7. INFORM YOURSELF. Ask questions. Hopefully, if you are a victim of a crime, you are assigned an awesome victim advocate like I was. This person will guide you through the court proceedings. Lean on him/her. Knowledge is power. As a victim, you will feel like you have no control; knowing what is going to happen during court, understanding what the lawyers and judge are saying, gives you a handle on the wheel. You are still not in control, but at least you know what is going on.
8. PRAY SOME MORE. Pray not for you, pray for them. Pray they will be honest in testimony (they won't, but pray for it anyway). Pray for more strength, yeah you already asked for that, but you are probably flagging. Like the grief cycle, the victim cycle repeats itself.

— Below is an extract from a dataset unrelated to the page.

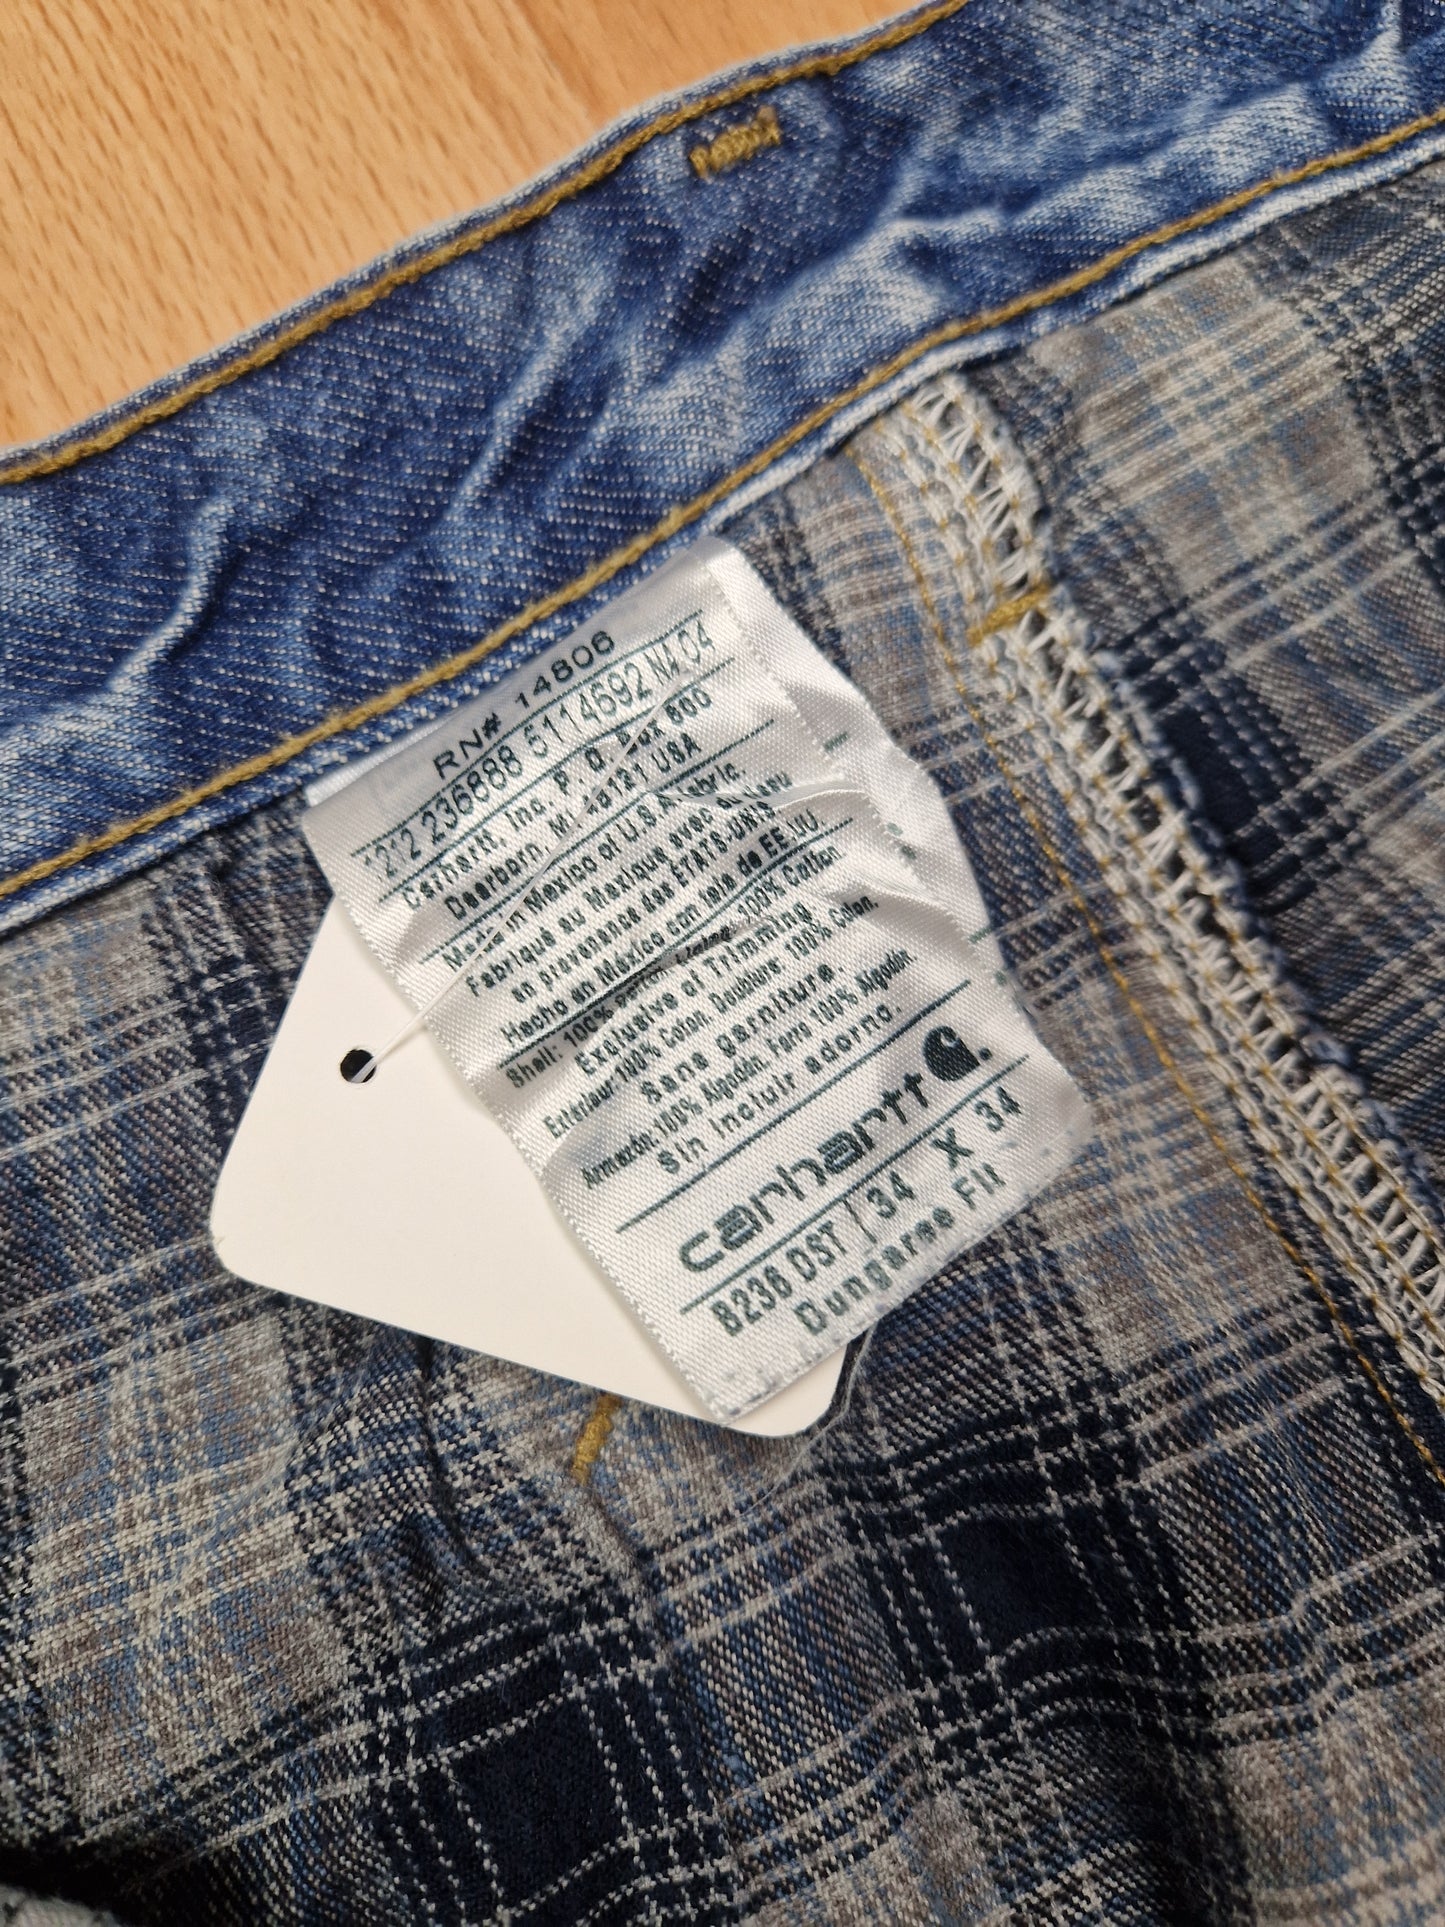 Vintage Carhartt Flannel Lined Denim Carpenter Pants (34x34)

9. BE ANGRY. I can't believe I haven't mentioned this one yet. Tell yourself it's okay to be angry. Say this out loud..."I am fucking angry and I have a right to be." Wallow in that anger for a minute (anger has no place in your healing, but it is your right), then put your anger away.

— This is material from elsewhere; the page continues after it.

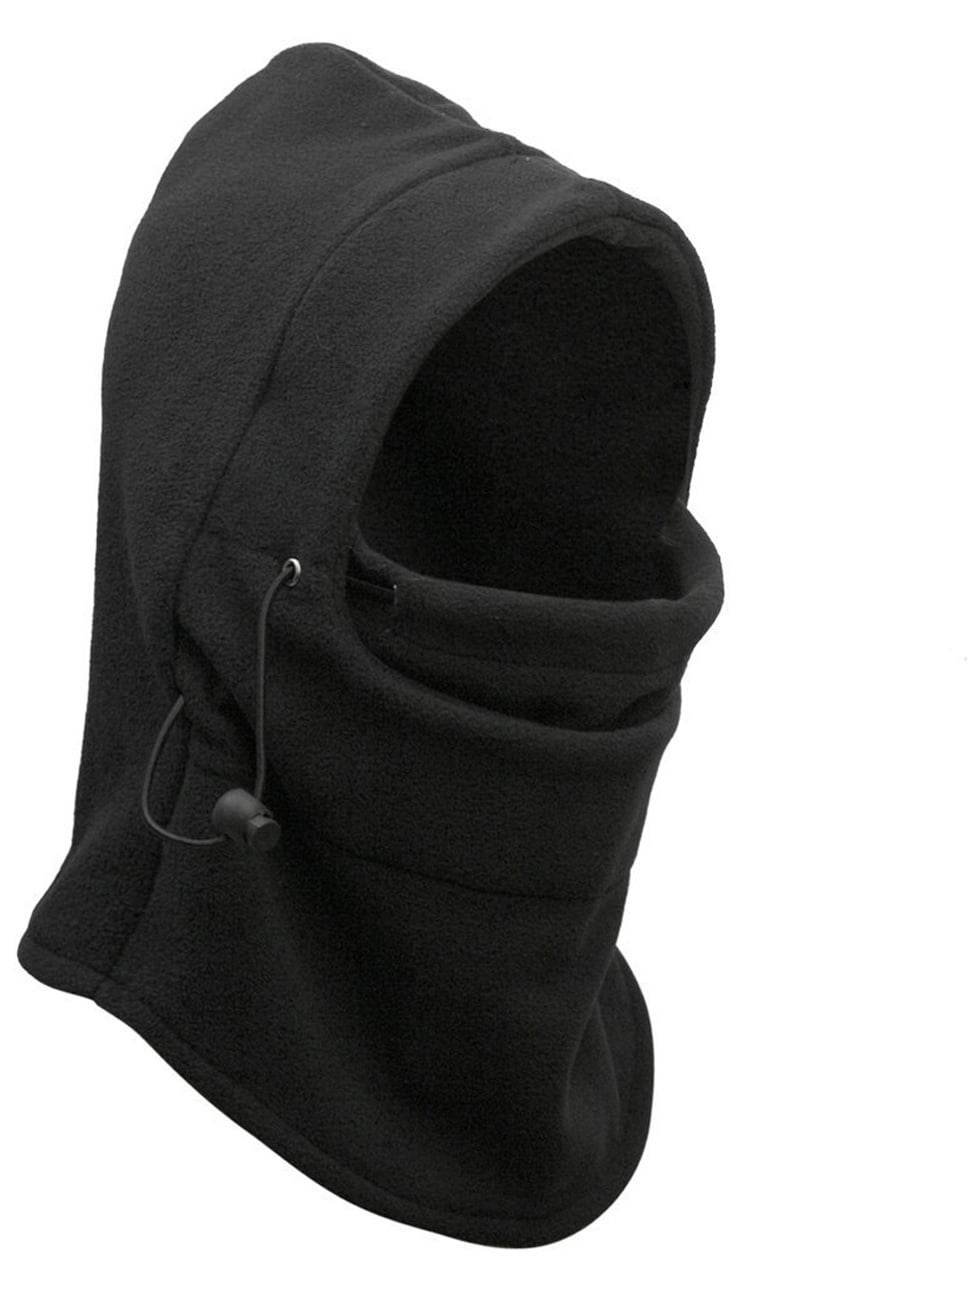 Multi-purpose Windproof Thermal Fleece Balaclava Full Face Cover Cap Neck Best

10. FORGIVE. This is the hardest part for me to write. I am still struggling with this, so I looked to a guide that has much more knowledge than I can ever hope to impart... Matthew 18:22 says in regards to forgiveness, "I tell you not just seven times, but 77 times." Fuck around, Jesus! That's a lot of times I have to forgive a motherfucker. As we all know, I don't always live WWJD? To me, forgiveness is not an action. It's an emotion. As a SURVIVOR, you have to forgive. One day you have to hear their name and not have any reaction. That's what forgiveness means to me anyway. You may have a different perspective...if so implement your own idea of forgiveness.
Finally, the most important thing...
BELIEVE IN YOURSELF. Why shouldn't you? You are one badass SURVIVOR.